Sea como sea, el caso es que yo siempre salía INTROVERTIDO. Hasta este curso, en que el psicólogo me citó en su despacho porque, esta vez, la introversión venía acompañada de otros rasgos que provocaron en el psicólogo, por muy entrenado que estuviera en el control de sus expresiones, unos gestos de alarma, primero, y de compasión, después.

—Por favor, mírame a los ojos, no rodees mi cara con la mirada. Es importante mirar a los ojos de la persona con quien se está hablando, transmite confianza —me decía él, ya los dos sentados en nuestros respectivos asientos, frente a frente, mientras con los dedos índice y corazón de su mano derecha, formando una uve, apuntaba primero a sus ojos y luego a los míos, como si los conectara a través de una línea imaginaria. Y a mí, más que transmitirme confianza, me recordaba el gesto de uno de esos tipos provocadores y violentos cuando dicen “te veo, me he quedado con tu cara”.

—…

—No es bueno encerrarse en uno mismo.
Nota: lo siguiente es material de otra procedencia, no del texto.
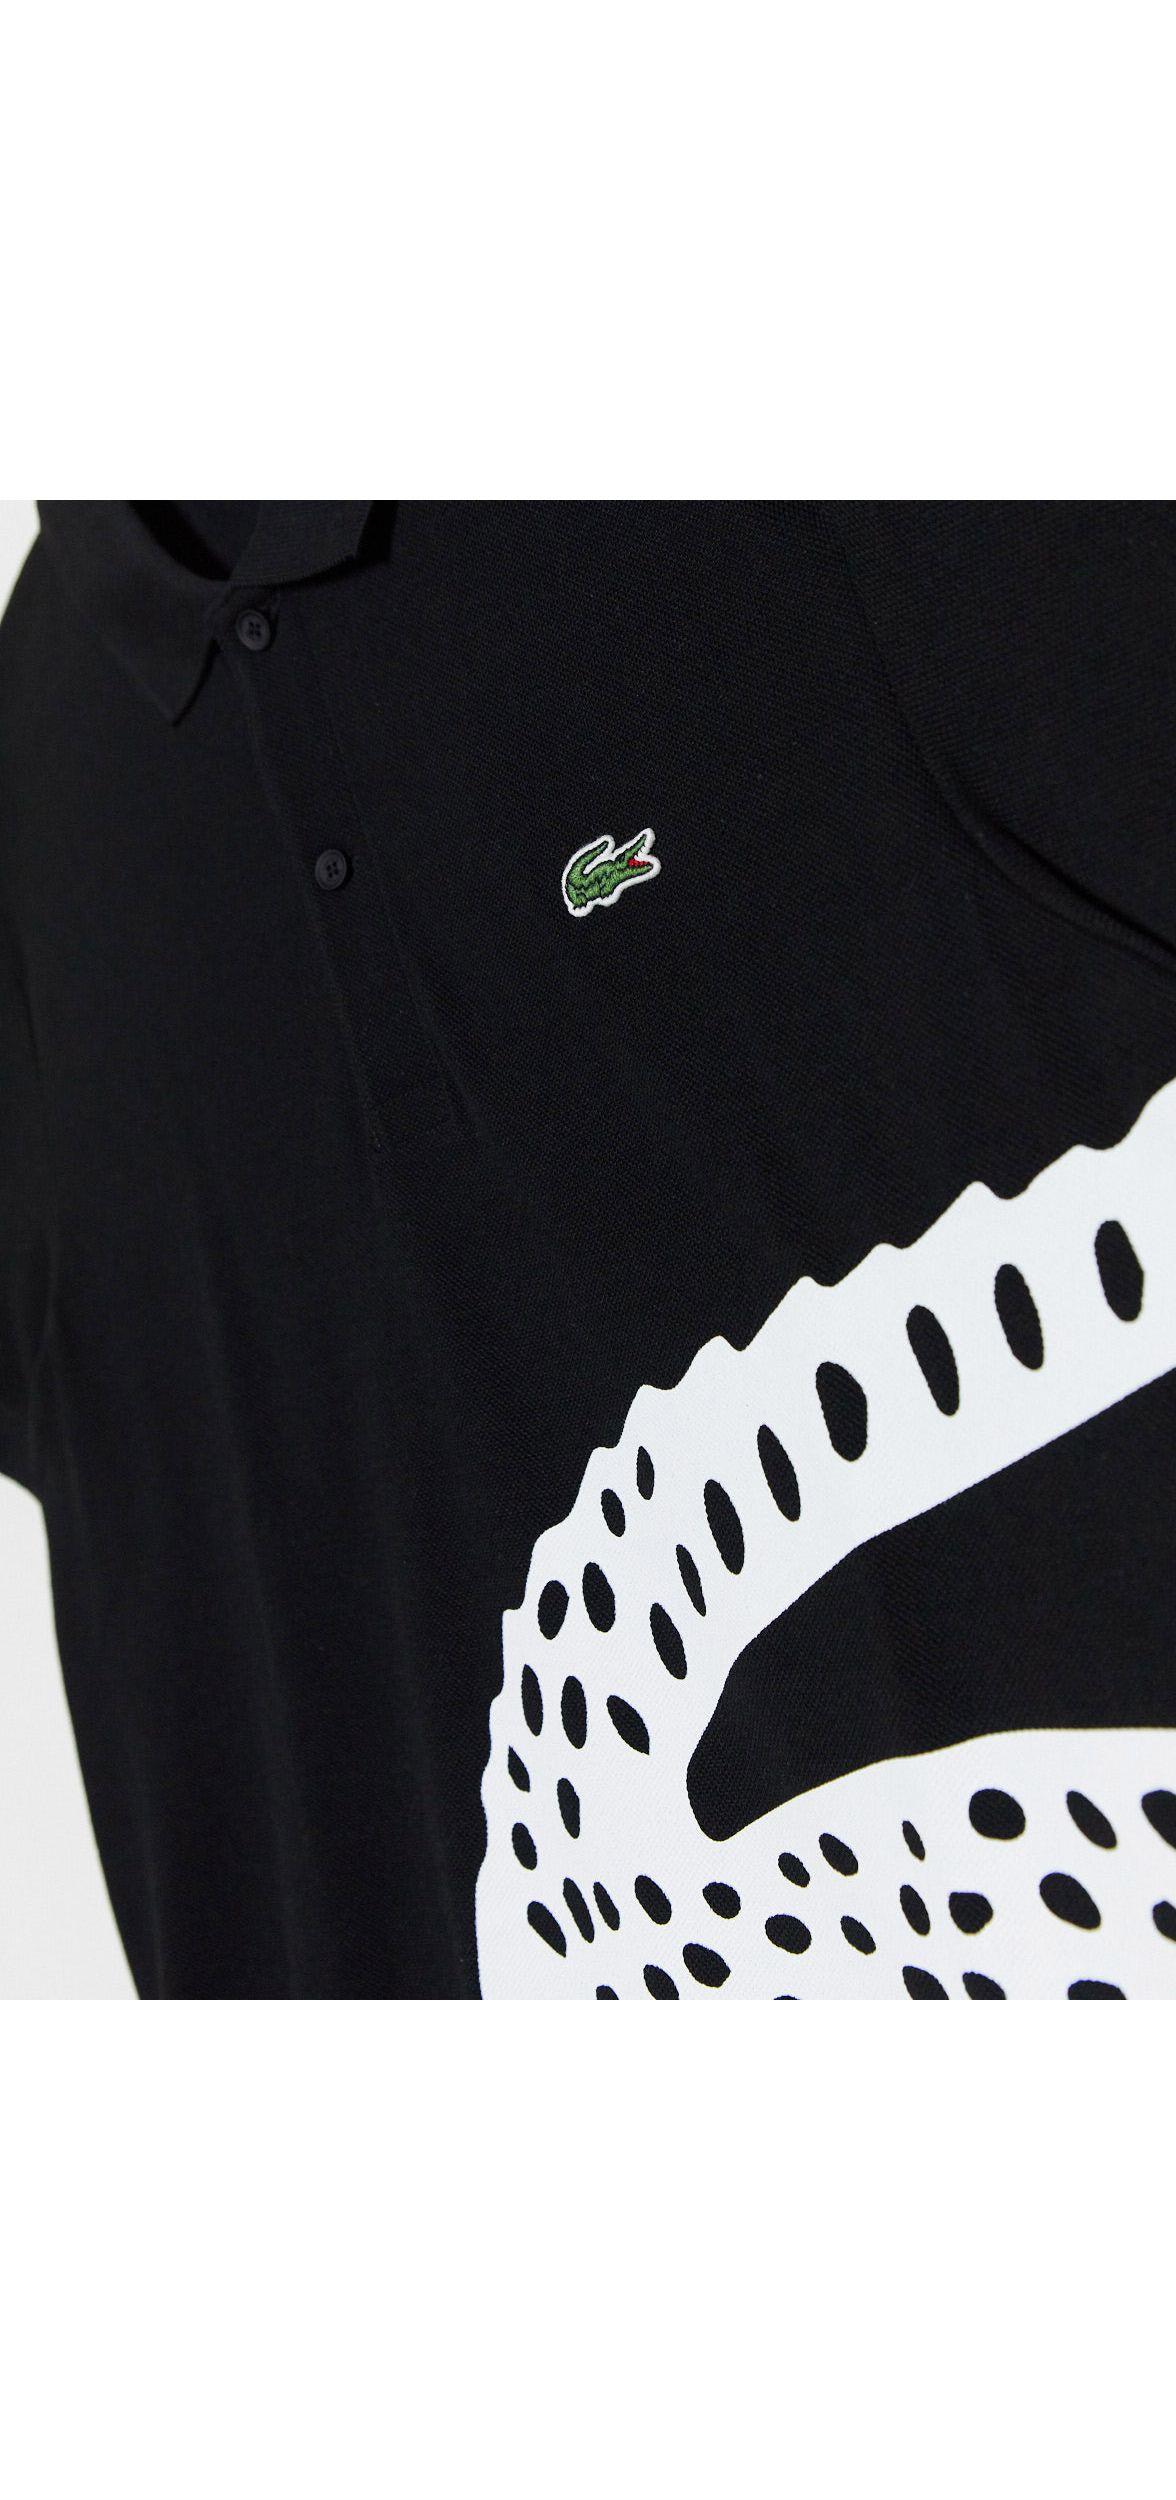 Lacoste Mens 2020 PH5101 Ribbed 2 Button Embroidered Crocodile Polo Shirt 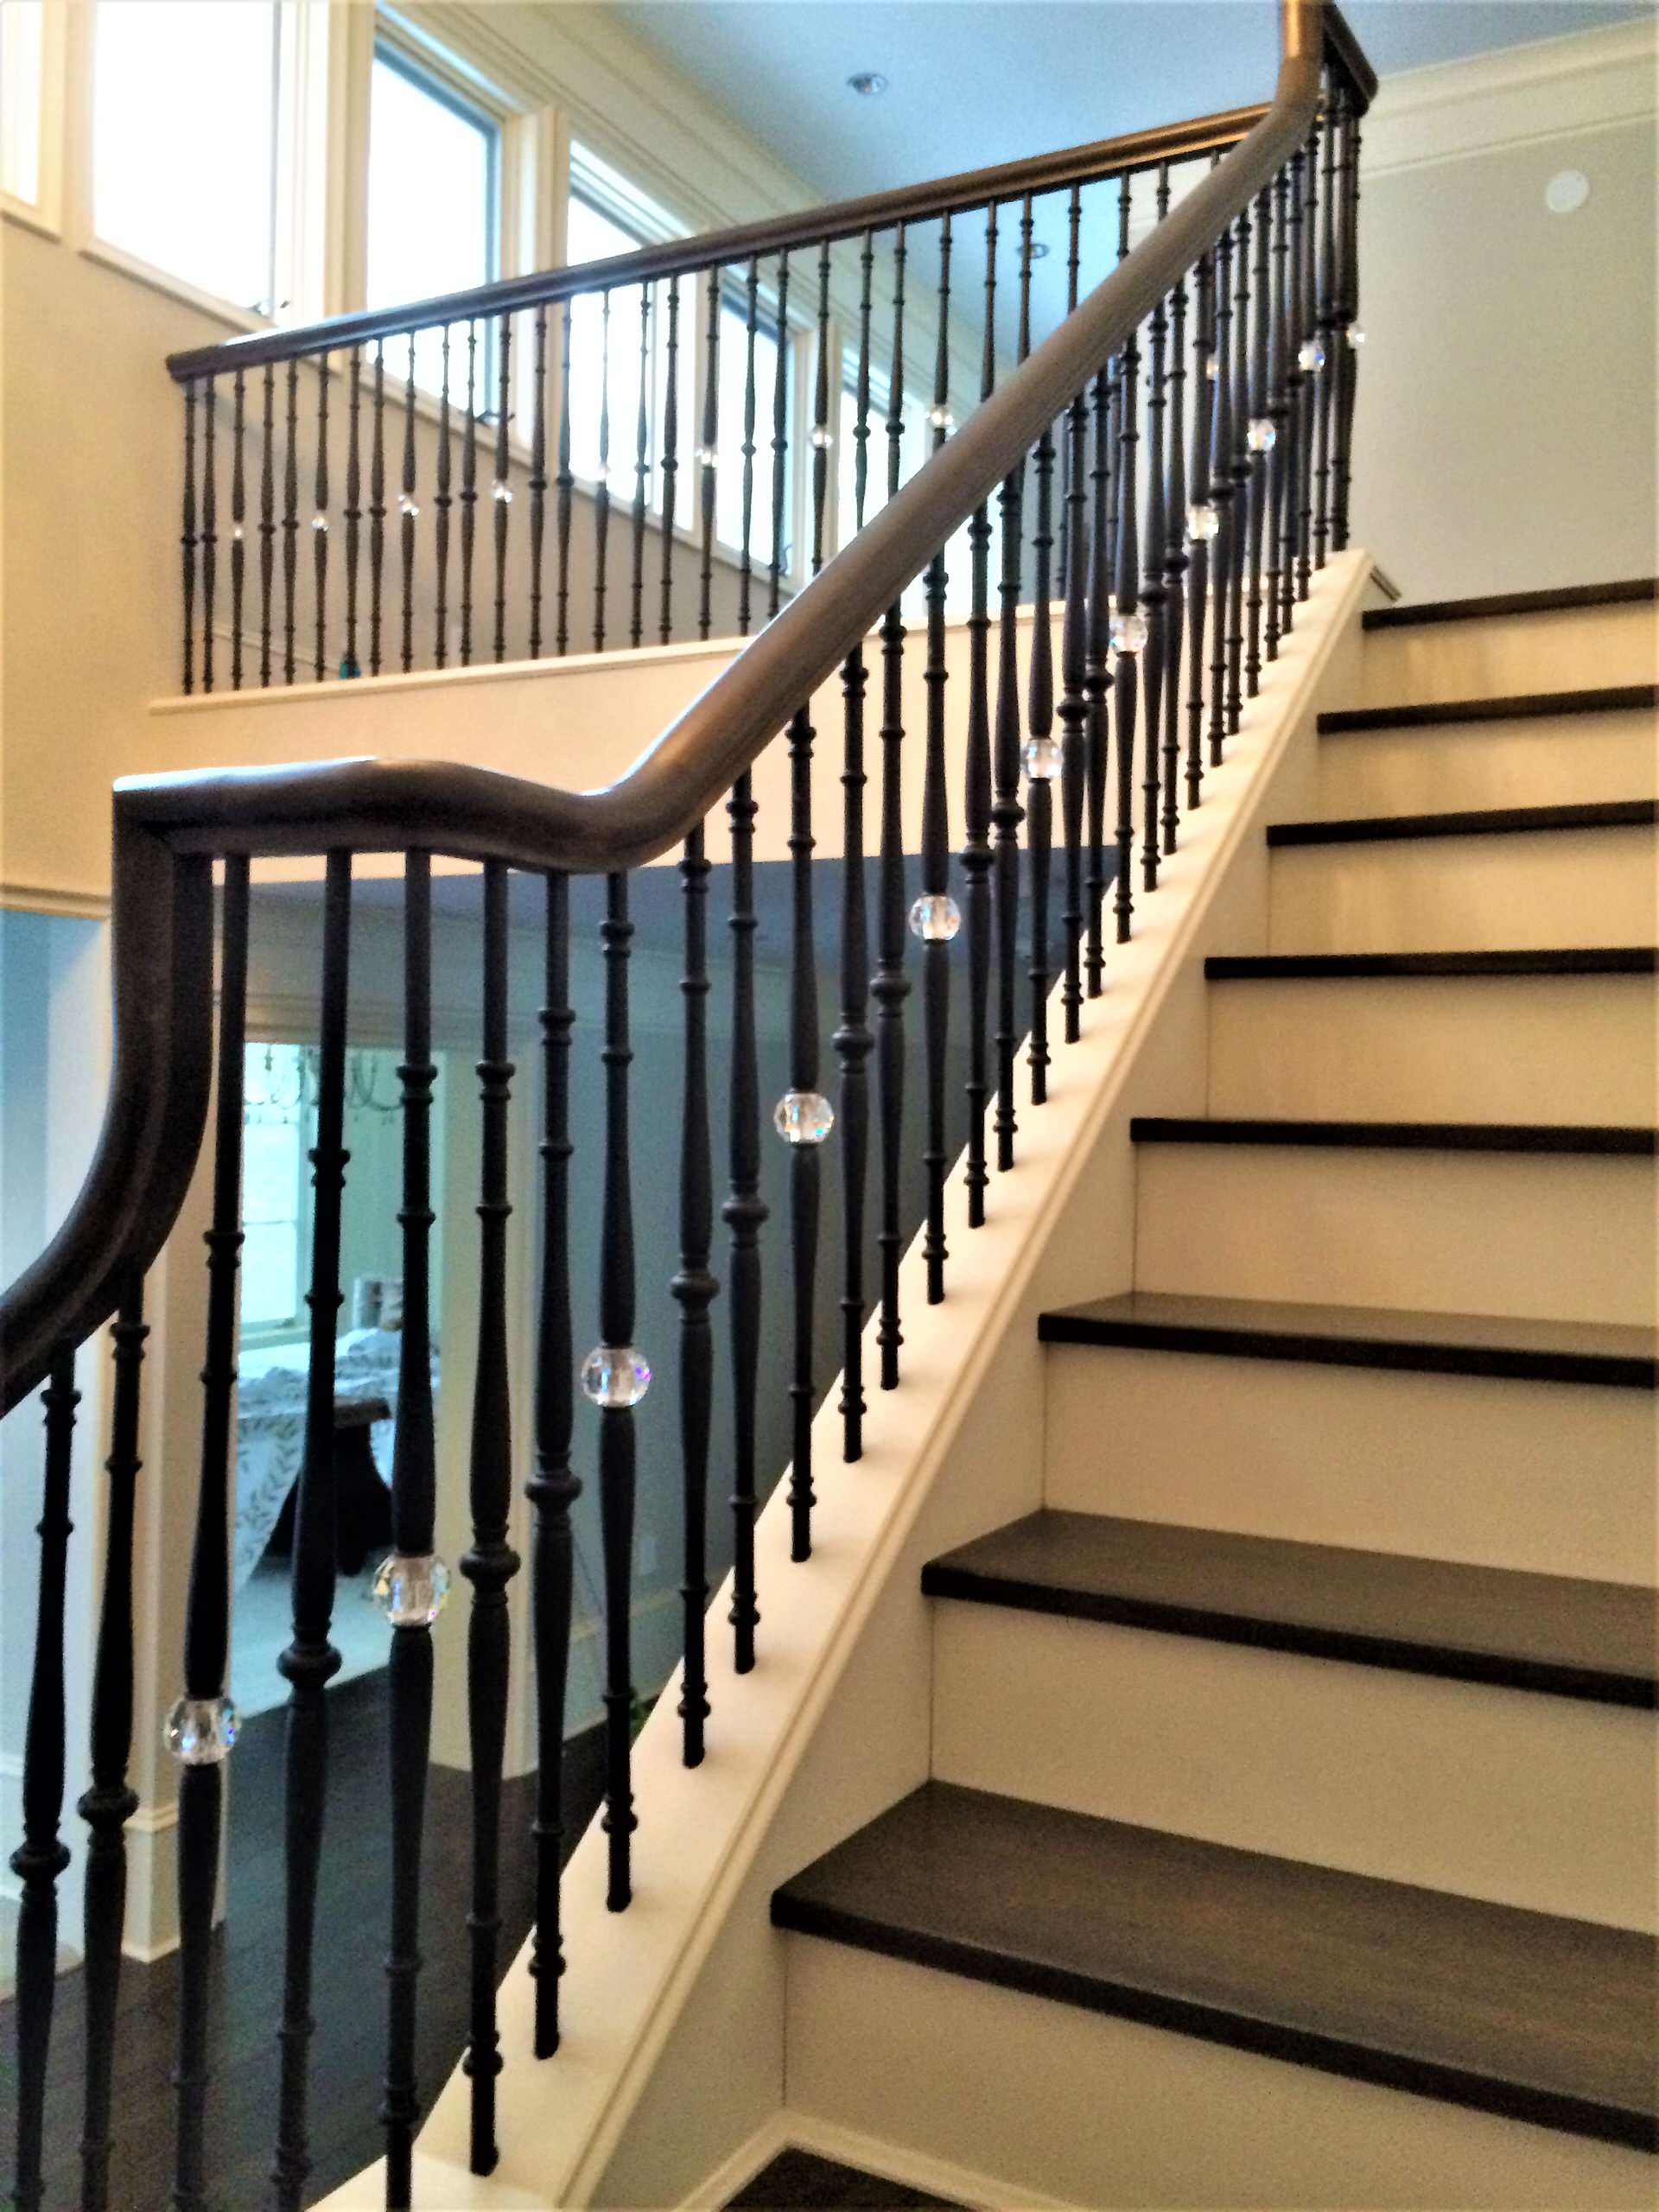 Traditional railing with swarovski crystal balusters - Traditional -  Staircase - by Capozzoli Stairworks | Houzz

Sin relacionarnos con los demás podemos perder el contacto con la realidad porque no confrontamos nuestros pensamientos con los de la comunidad humana. Nos volvemos egocéntricos, creemos que somos la medida de todas las cosas.

—…

—Y no seas tan exigente contigo mismo. Permítete fallar. De los fallos se aprende. En el laboratorio de la vida, como en el de la ciencia, se avanza con el ensayo y el error. Acaba con ese rígido censor interno que te machaca. ¿Sabes lo que es un censor?

—…

—Está bien, está bien… ya veo que sabes lo que es un censor. Y sé que te he dicho que me mires a los ojos, pero no así, joderrr. Uy, perdón. Quiero decir que no te enfades. Yo tampoco debo enfadarme… O sí, porque si nos enfadamos, pues nos enfadamos. ¿Acaso el enfado no es expresión, como otra cualquiera, de nuestro estado de ánimo? ¿Por qué reprimirlo?

—…

—Y, sobre todo, no anticipes lo que la gente piensa de ti. Son creencias tuyas que, dada tu baja autoestima, adoptan la forma de críticas hirientes, humillantes… Pero nada de eso es real, solo está en tu cabeza.

—…

—Por ejemplo, yo tengo una buena opinión de ti. Sé que eres una persona valiosa y que puedes ofrecer mucho a los demás. Deja que te conozcan, no te escondas, habla, desahógate, di lo que piensas… ¿Qué me dices?

—Digo que te den, plasta, que eres un plasta.

—Muy bien, fenomenal. Veo que me has entendido. Esa es la actitud. Es un buen comienzo. Un primer paso prometedor.

A los pocos días me matricularon en otro colegio. Mis padres habían tenido una entrevista con el director y ambas partes estuvieron de acuerdo —es lo que me dijeron mis padres— en que lo mejor para mí era el cambio. El curso acababa de empezar, no supondría mucho trastorno.

Ya en el nuevo colegio, como si los puñeteros test me persiguieran hasta la clase, nos pasaron una batería (así los llaman, y me parece muy acertado, pues siento que frente a mí se hallan unas amenazantes piezas de artillería). Pero esta vez sería distinto. Estoy sentado al lado de uno de los chicos más inteligentes y extrovertidos del colegio —es lo que dicen todos de él—, y decidí copiar sus respuestas. No las de los tests de inteligencia, porque no quiero crear falsas expectativas y que luego me exijan más de lo que soy capaz de dar. Pero sí las de personalidad. Así que ahora soy oficialmente extrovertido y un montón de buenas cosas más. Tengo seguridad en mí mismo, fuerte resistencia a la frustración, estabilidad emocional, habilidades sociales… Vamos, una maravilla de perfil, un perfil que parece diseñado por un fotógrafo estiloso y no el perfil de fotomatón que acostumbraba a tener. Y lo más asombroso es que todo el mundo me trata de acuerdo con este nuevo perfil. Bueno, no todo el mundo, pero sí muchas personas. Aunque tampoco son muchas, digamos que algunas. En realidad unas pocas. Bueno, no sé, no sabría decir cuántas, depende.